* _Extracted data_
==============================
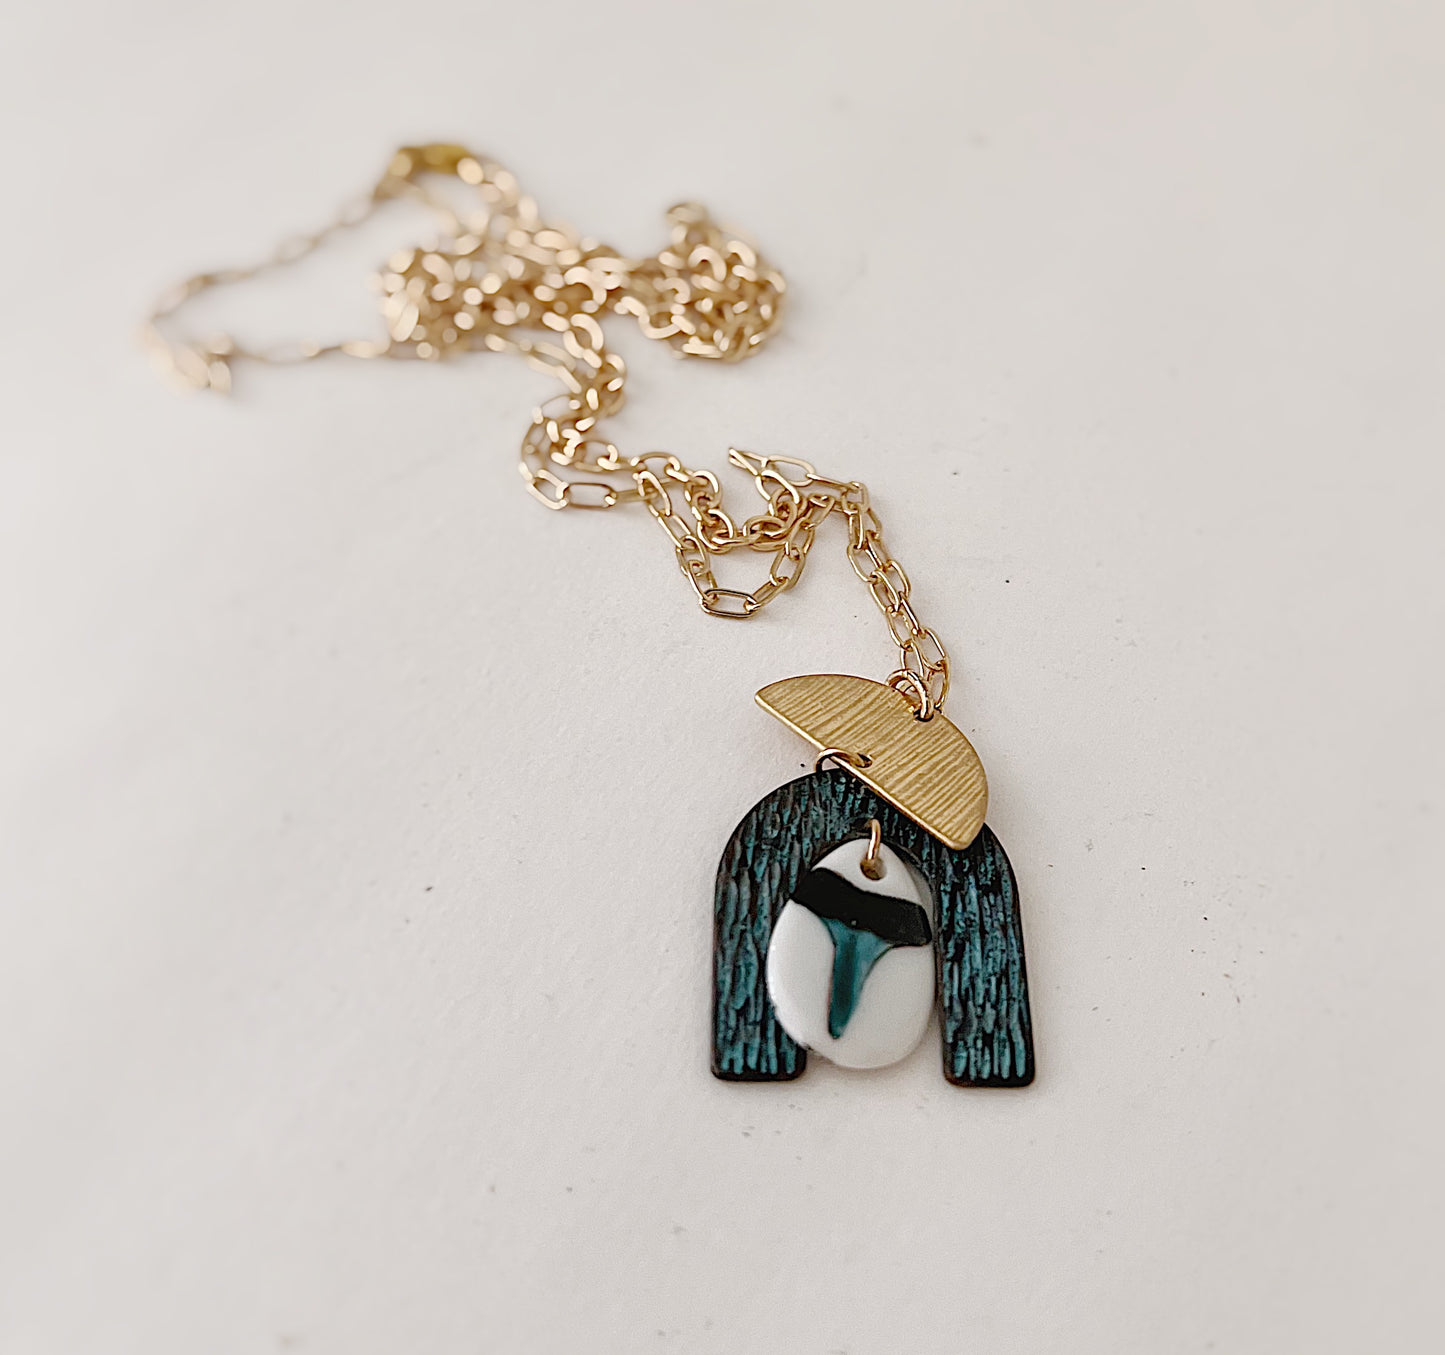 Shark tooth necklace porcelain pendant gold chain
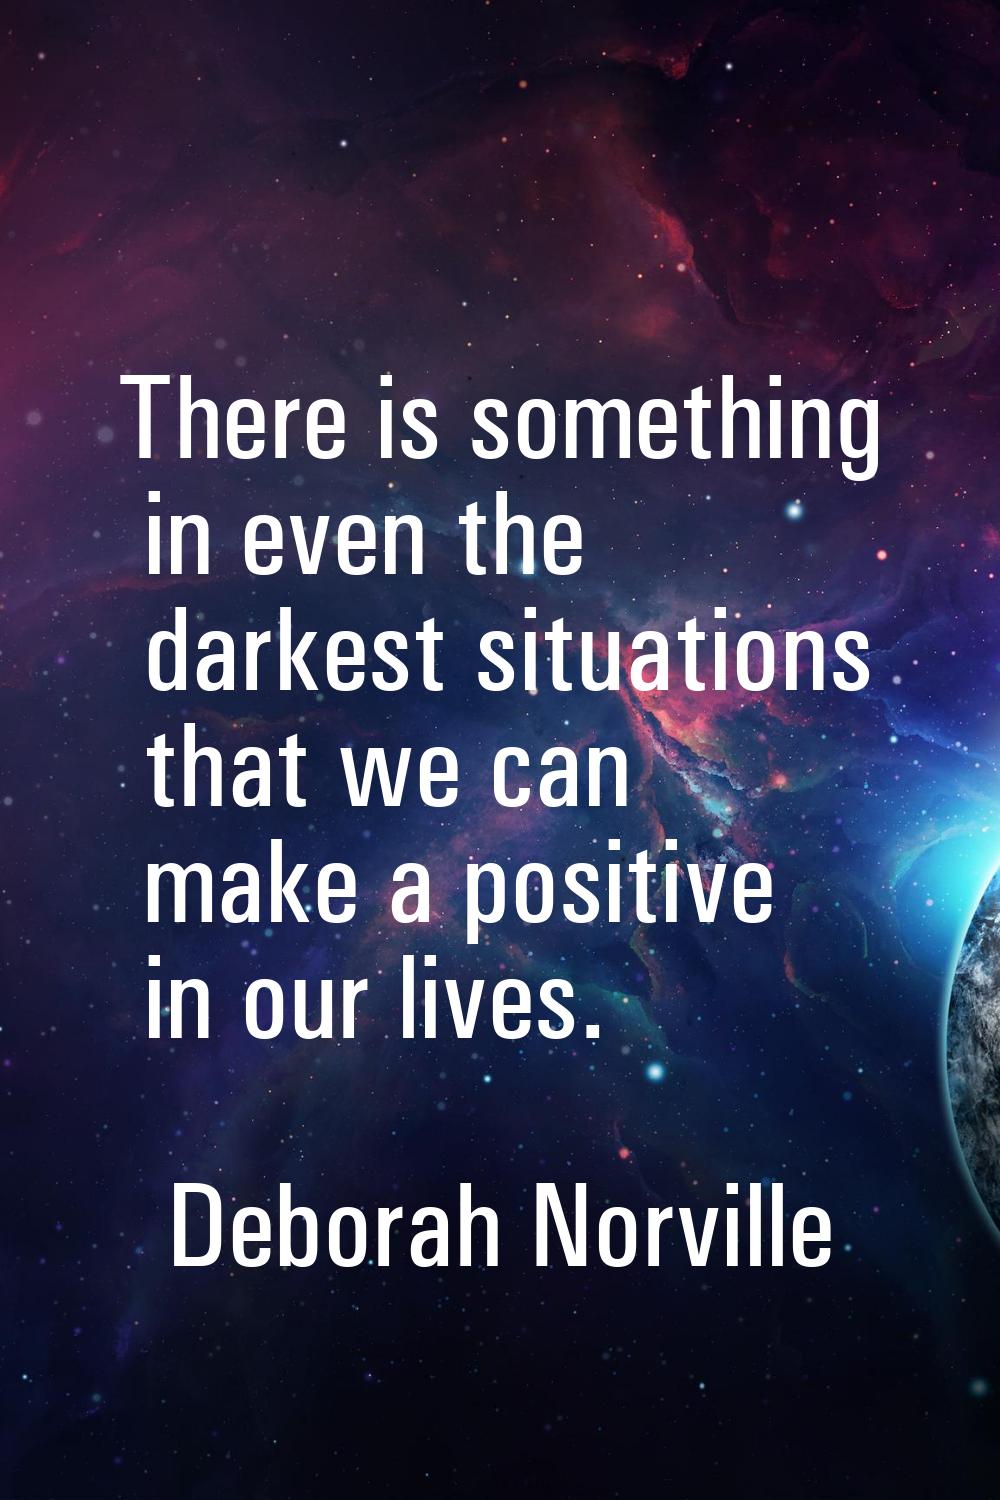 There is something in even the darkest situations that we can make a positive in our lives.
==============================
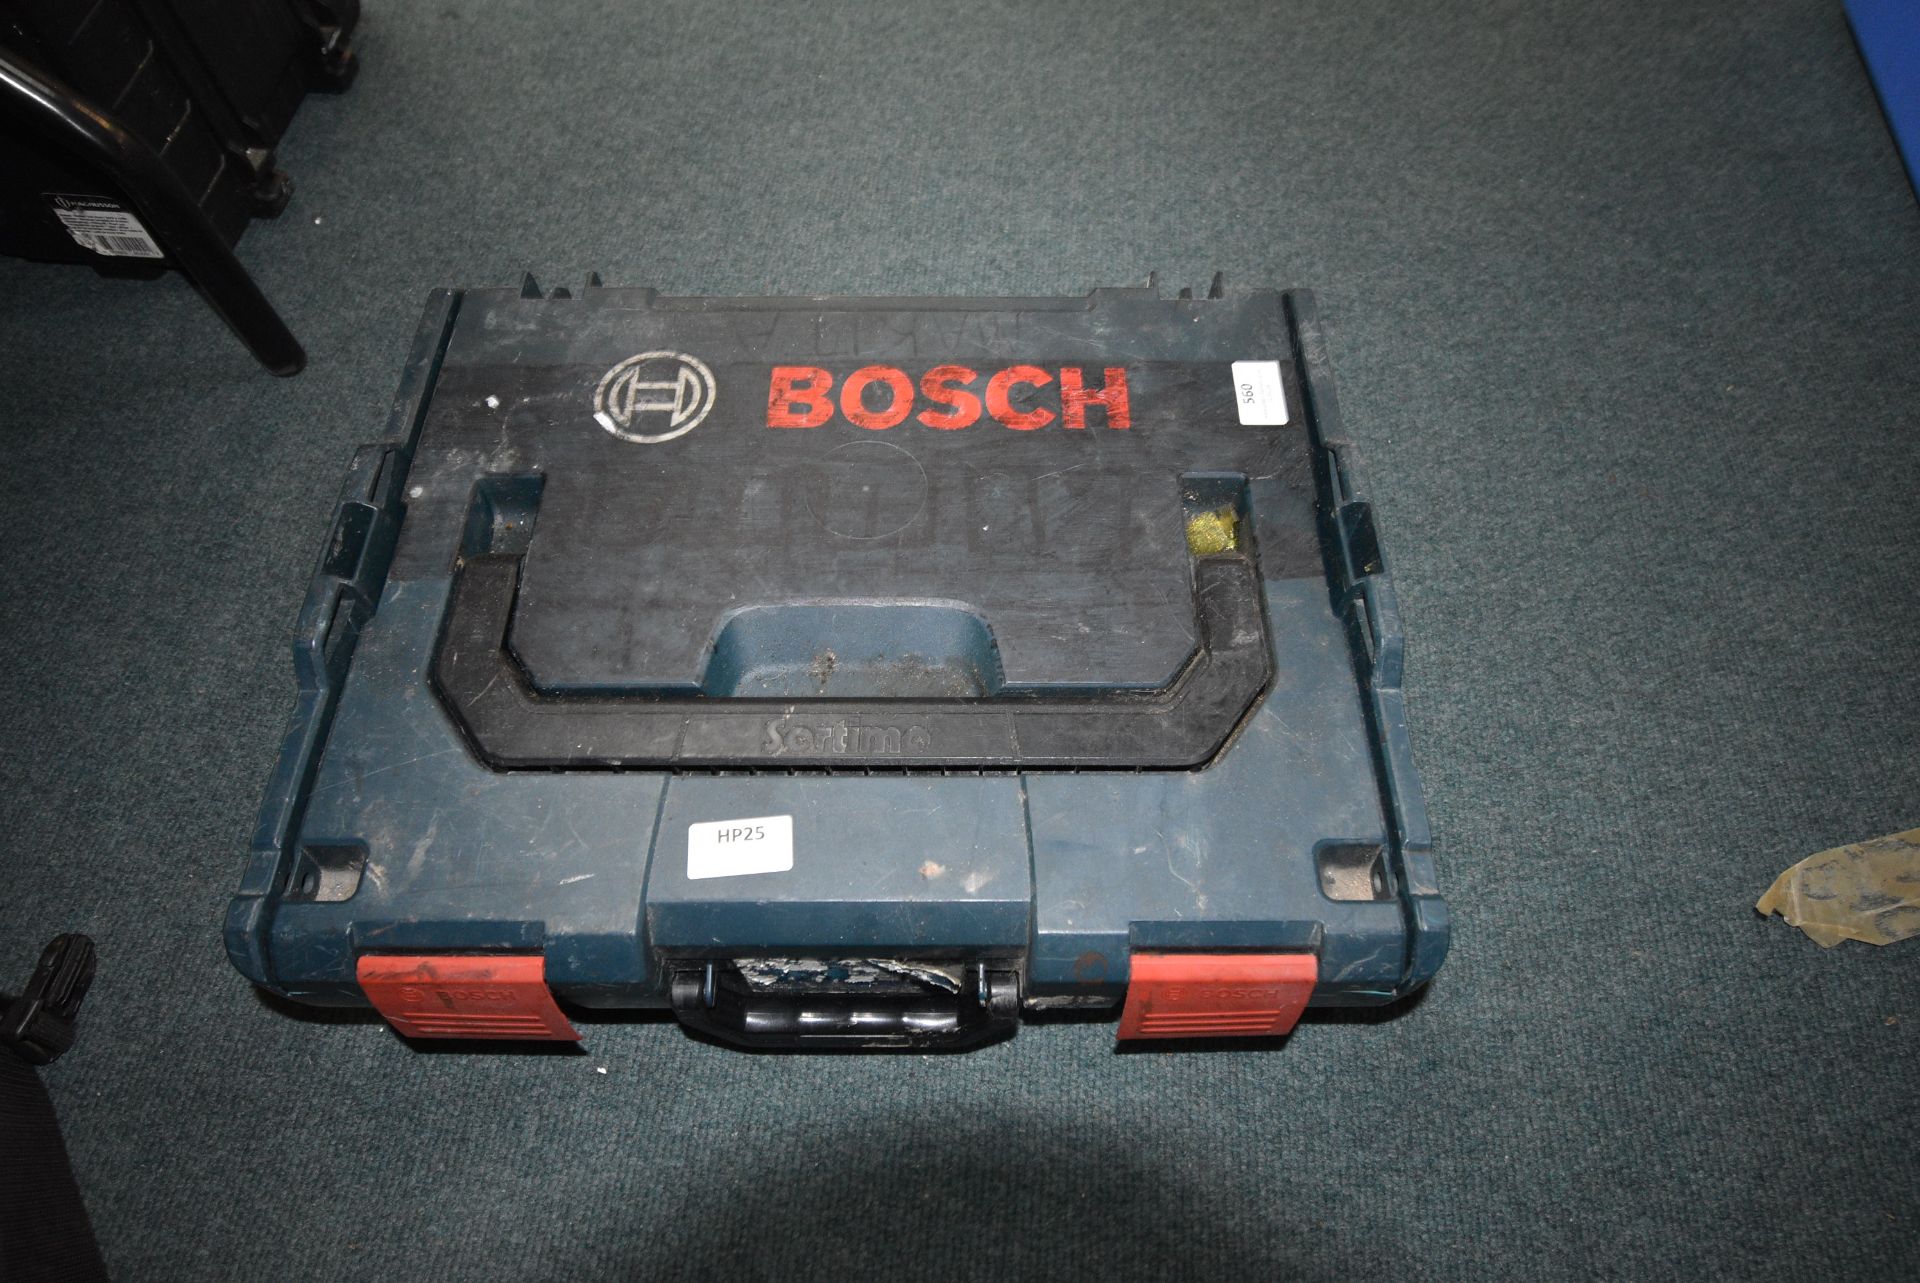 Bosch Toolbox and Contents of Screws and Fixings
==============================
Return word for word the lines of the listing above, starting at the line with "Shark tooth necklace" and ending at the line with "There is something", both included. Pictures do not belong in the copy.

* _Result_
 Shark tooth necklace porcelain pendant gold chain
 There is something in even the darkest situations that we can make a positive in our lives.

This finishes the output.